> _What the exercise asks_
Starting at the line with "Platinum Stainless Steel" and ending at the line with "HSIA Blossom Plus", print exactly the lines of the entries below. Pictures do not belong in the copy.

> _Listed records_

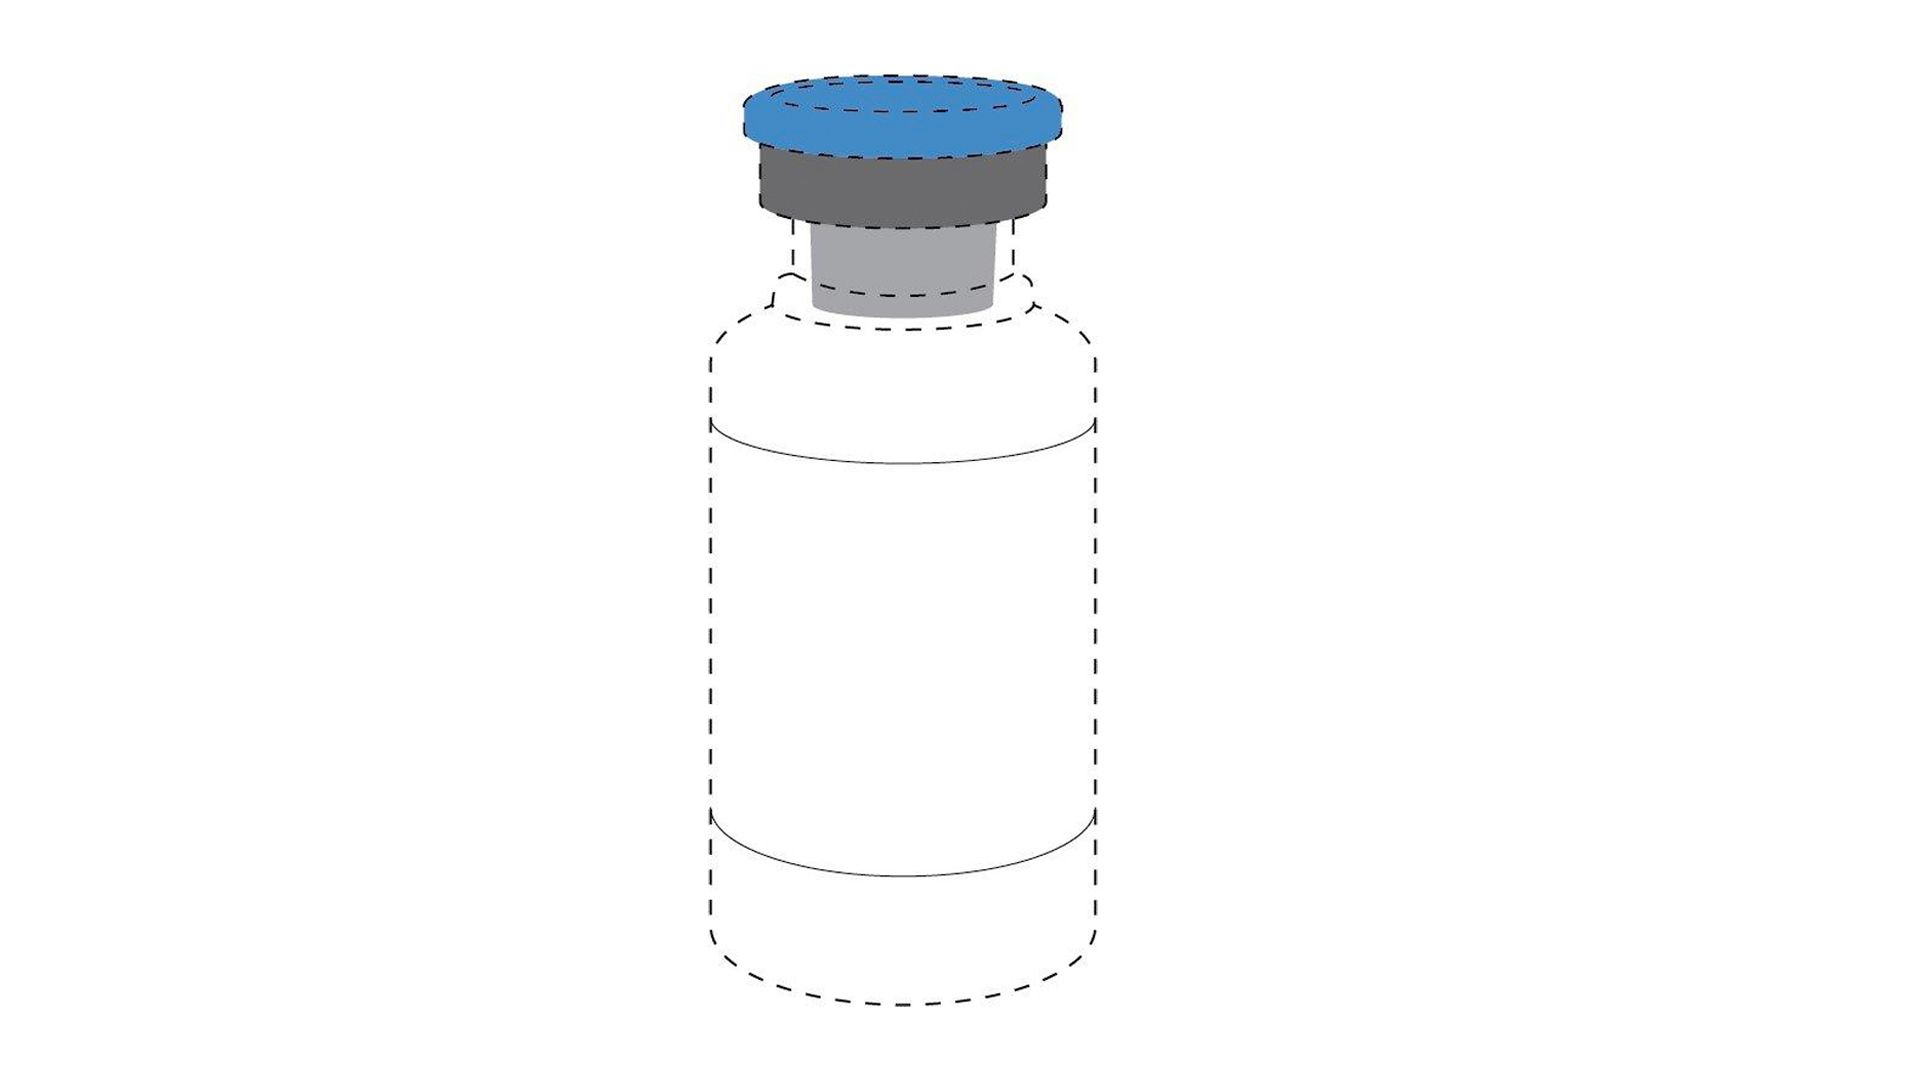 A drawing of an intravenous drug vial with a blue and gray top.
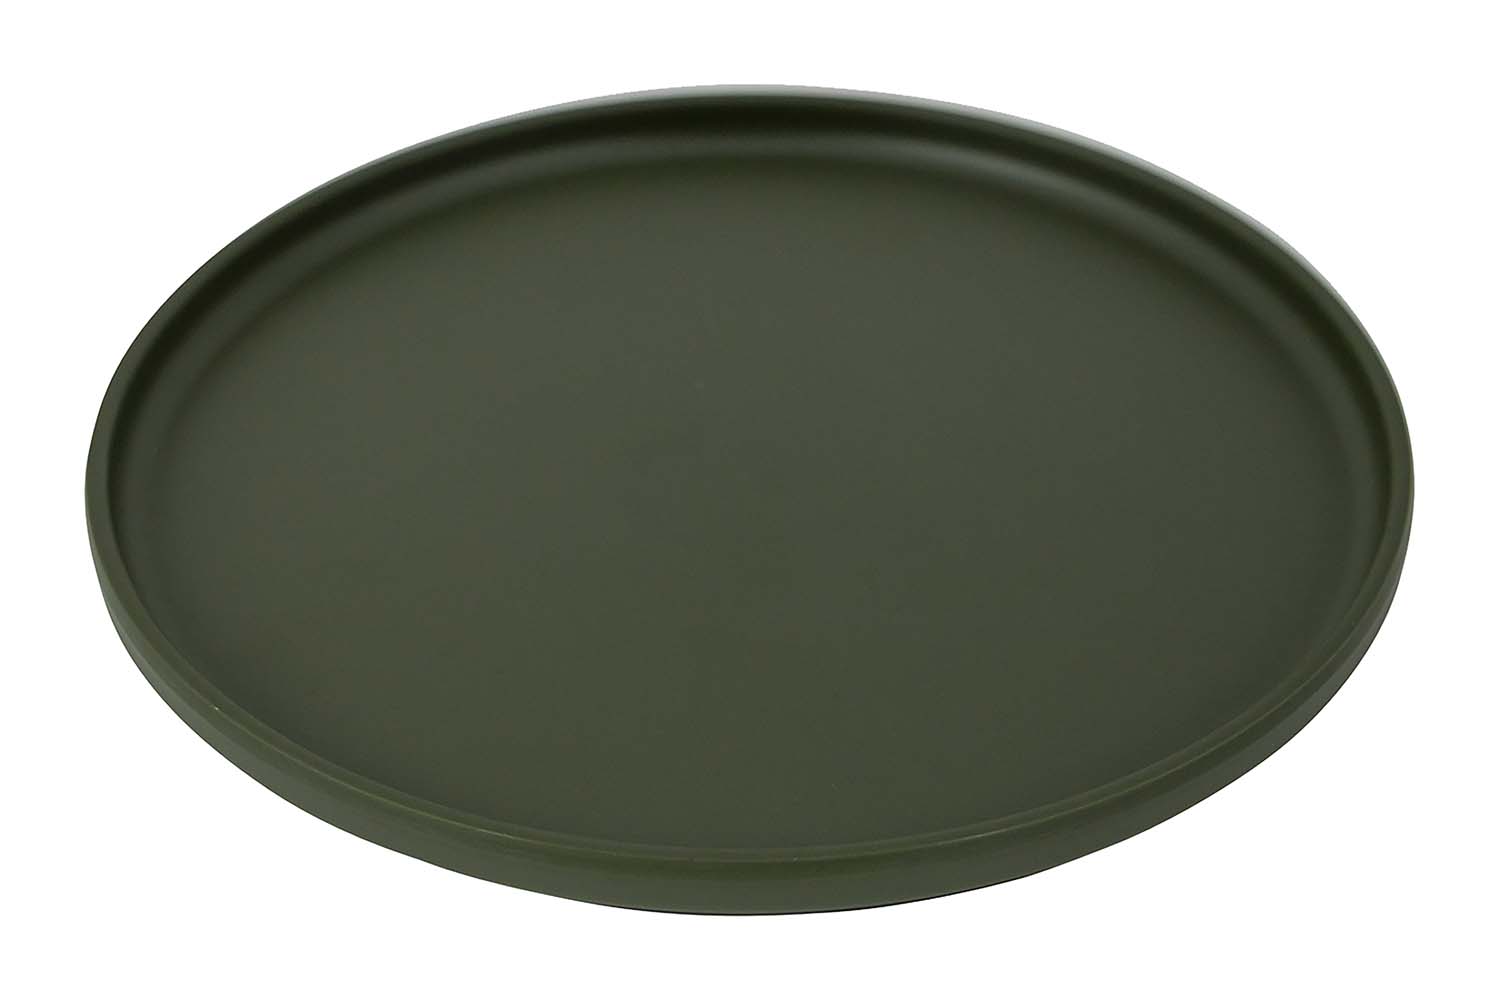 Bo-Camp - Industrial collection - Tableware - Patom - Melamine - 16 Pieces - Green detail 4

--

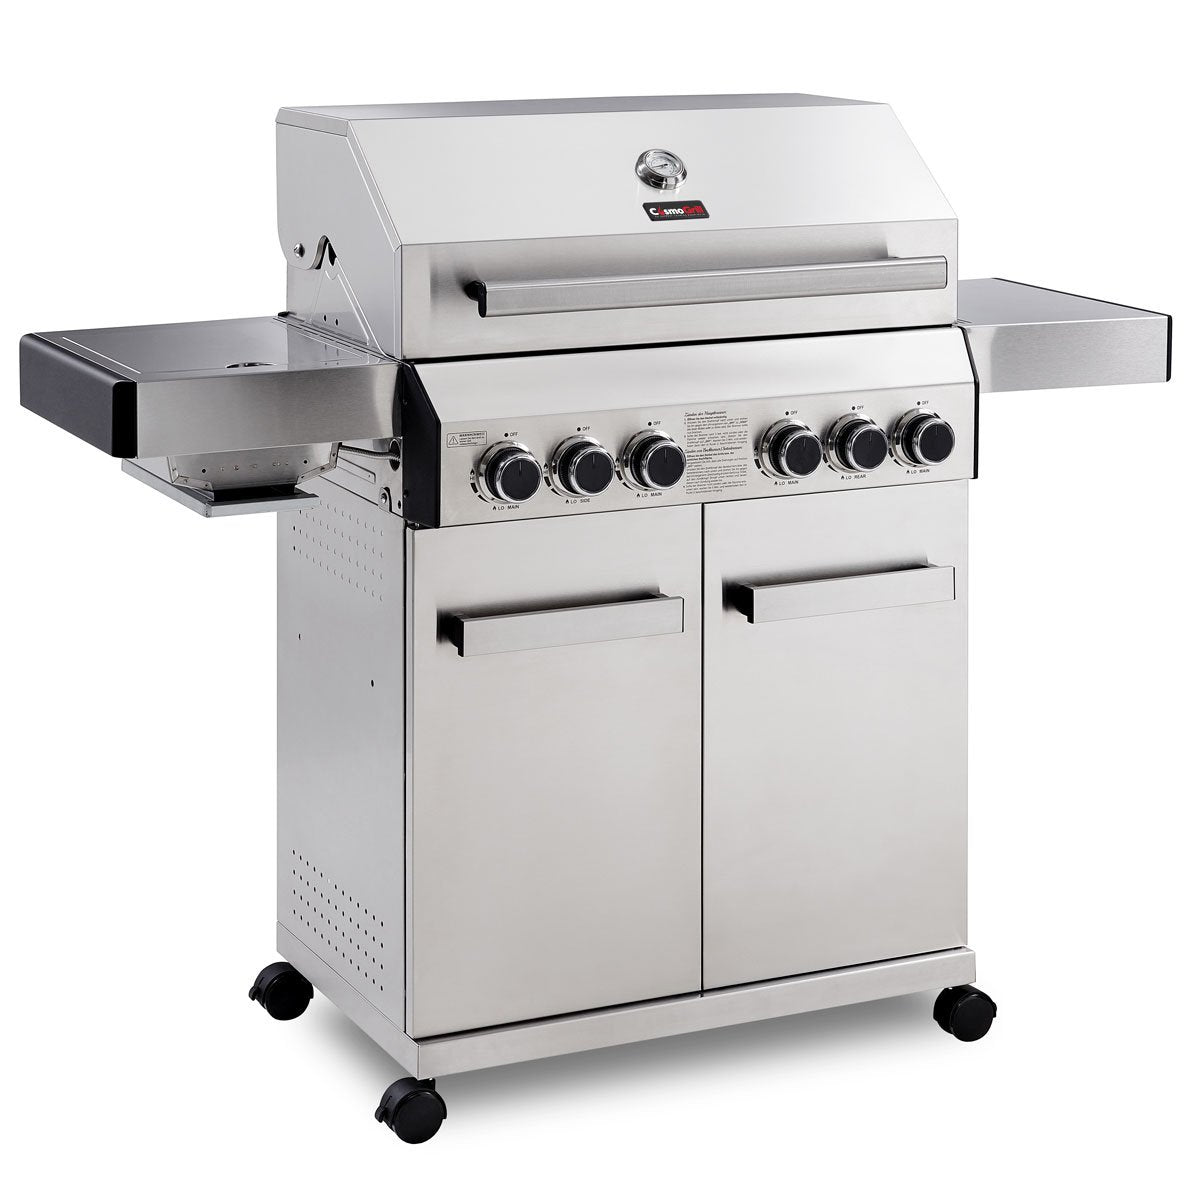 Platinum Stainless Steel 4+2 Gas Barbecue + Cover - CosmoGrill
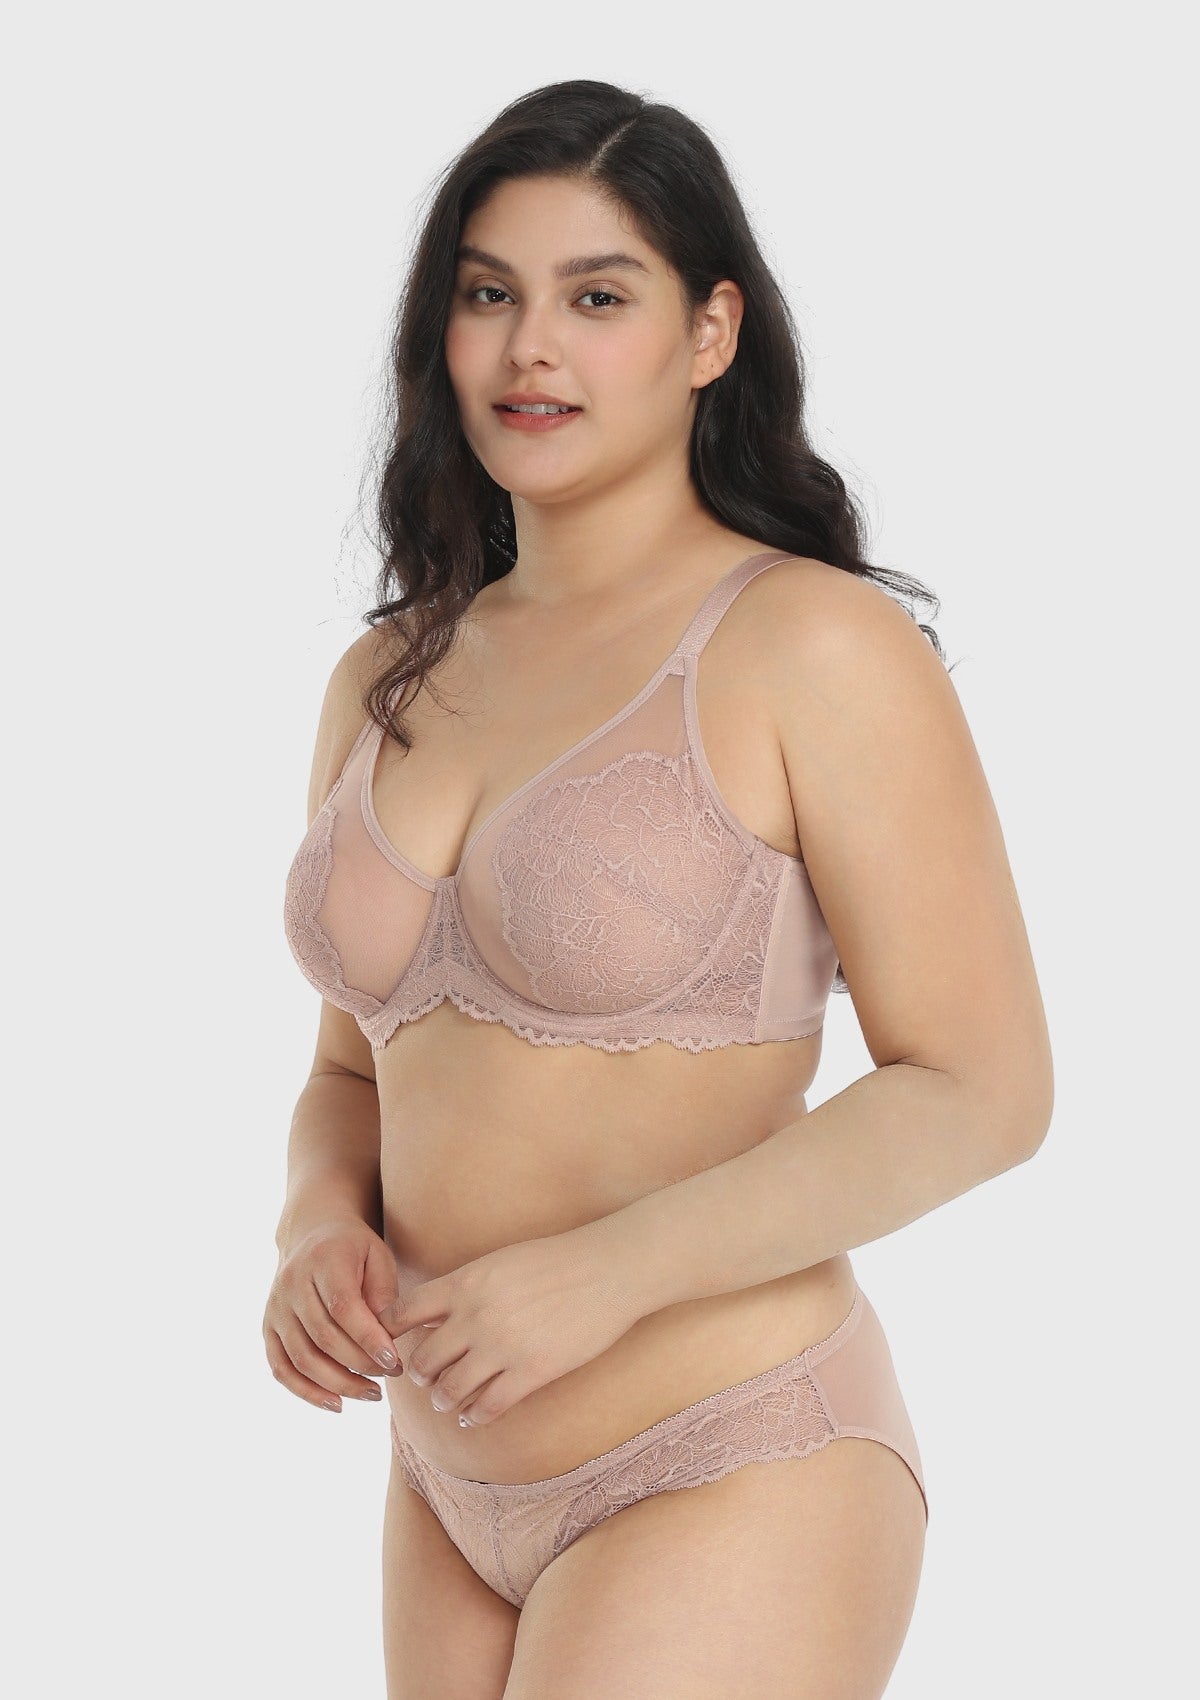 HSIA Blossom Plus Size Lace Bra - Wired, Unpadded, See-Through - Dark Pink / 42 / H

> _Solution for this problem_
 Platinum Stainless Steel 4+2 Gas Barbecue + Cover - CosmoGrill
 HSIA Blossom Plus Size Lace Bra - Wired, Unpadded, See-Through - Dark Pink / 42 / H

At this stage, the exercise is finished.